*** Opening of DATASET ENTRIES ***

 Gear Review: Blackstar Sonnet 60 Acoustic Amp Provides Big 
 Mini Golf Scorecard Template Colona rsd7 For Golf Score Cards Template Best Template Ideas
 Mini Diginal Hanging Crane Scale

*** Close of DATASET ENTRIES ***
*** Opening of DATASET ENTRIES ***

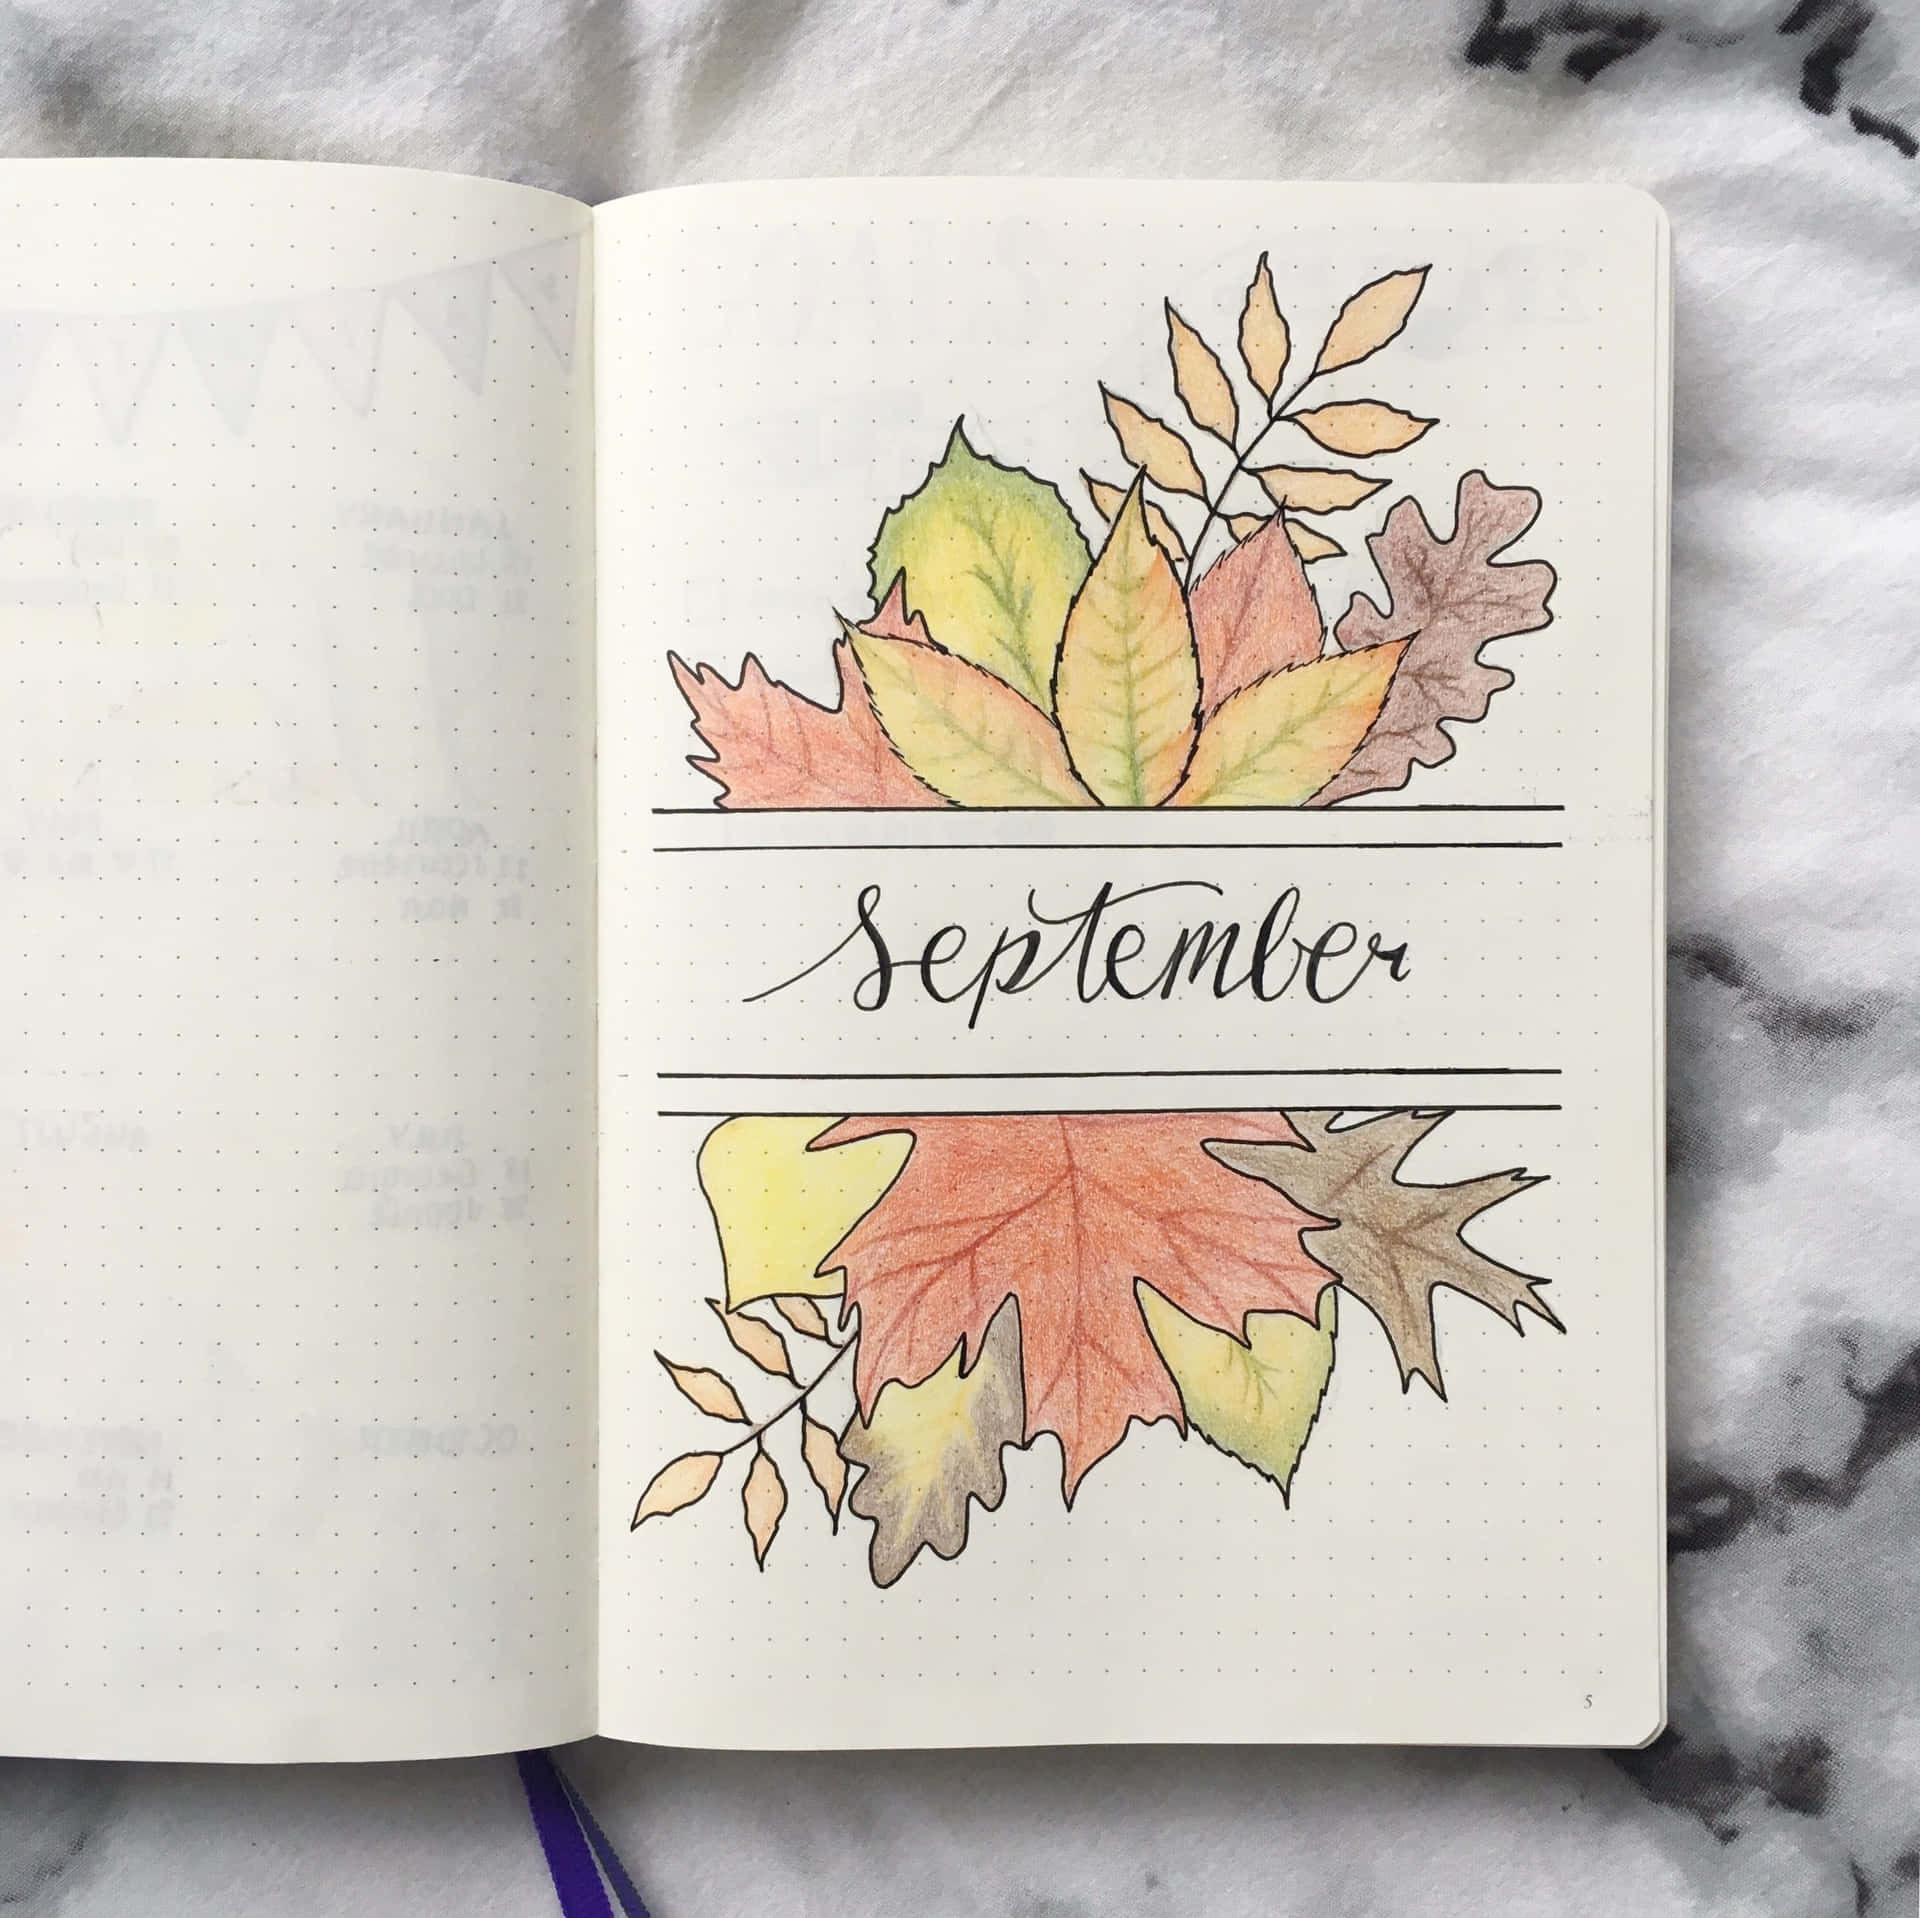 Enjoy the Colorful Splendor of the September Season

*** Close of DATASET ENTRIES ***

Please work out how many lines of the listing contain the string "Mini", and answer with the number only.

2